I bump up the pixel count for the polar projections so that the resampling doesn't lose as much
information. Thus the final matrix that performs all three of these operations at once has
$$2 \cdot 64^2$$ rows and $$32^2$$ columns, for a total of 8,388,608 entries. (I could chop this in
half if I didn't bother computing the imaginary part of the sinogram. It should be zero but it's a
nice sanity check.)


## TomoPy

Ultimately there are a lot more algorithms out there than I care to implement myself.
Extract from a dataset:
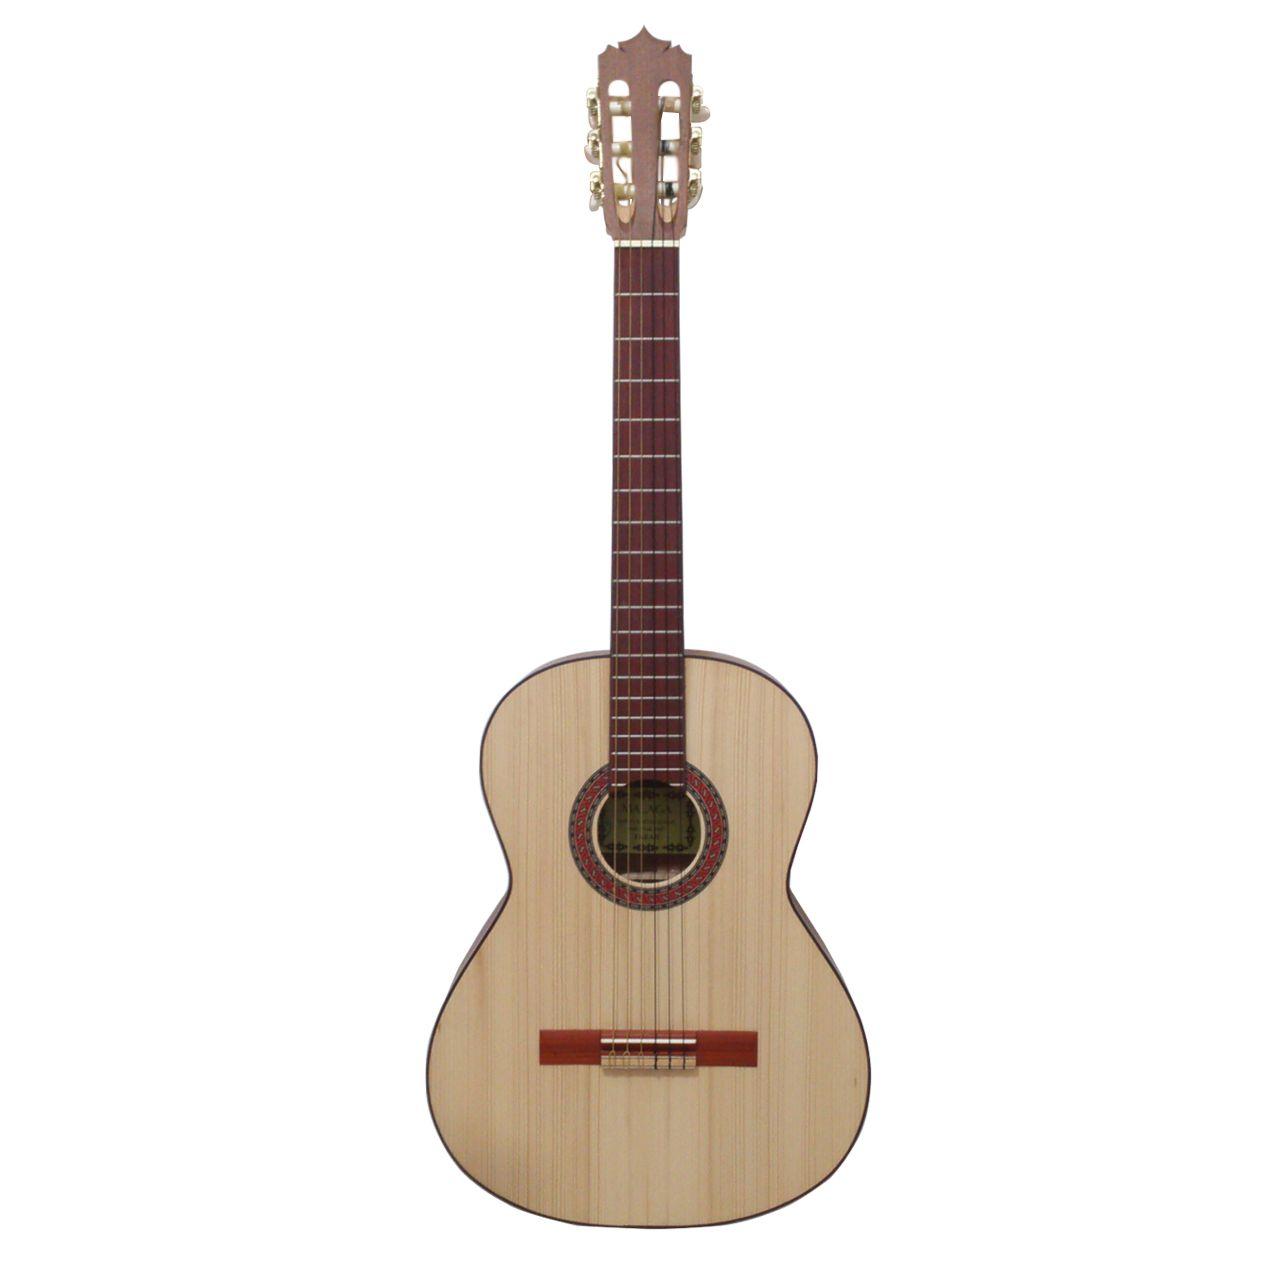 گیتار کلاسیک مالاگا مدل p1

Thanks to the
people behind [TomoPy](https://tomopy.readthedocs.io/en/latest/), I don't have to. It's a library of
tomographic imaging algorithms exposed through Python. It's decently documented, and the
[code](https://github.com/tomopy/tomopy) is open source. It also integrates with
[ASTRA](https://www.astra-toolbox.com/) which has some blazing fast GPU implementations.

I scanned a 3d print that I made in [How to Make (almost)
Anything](http://fab.cba.mit.edu/classes/863.18/CBA/people/erik/04_3d_printing_scanning/) last
semester.

![3d print](assets/img/project_3d_print.jpg)

I reconstructed it using TomoPy's gridrec implementation.

![3d print](assets/img/project_3d_print_reconstruction.jpg)

The results aren't that great, so evidently the settings will require some tweaking. Ultimately I'd
like to set up an easy to use TomoPy/ASTRA toolchain to use with CBA's CT scanner; this is just a
first test.

In particular, TomoPy is designed for parallel beam scans, not cone beam scans. In 2D it's not hard
to manipulate fan beam data into a format that parallel beam algorithms can understand, since every
line in a fan beam is a line in some other parallel beam. But this doesn't work in 3D since there's
only one horizontal plane in which the cone beam rays are aligned with the parallel beam rays.
Luckily ASTRA supports cone beams, so once I have that integration figured out we should be able to
get proper reconstructions.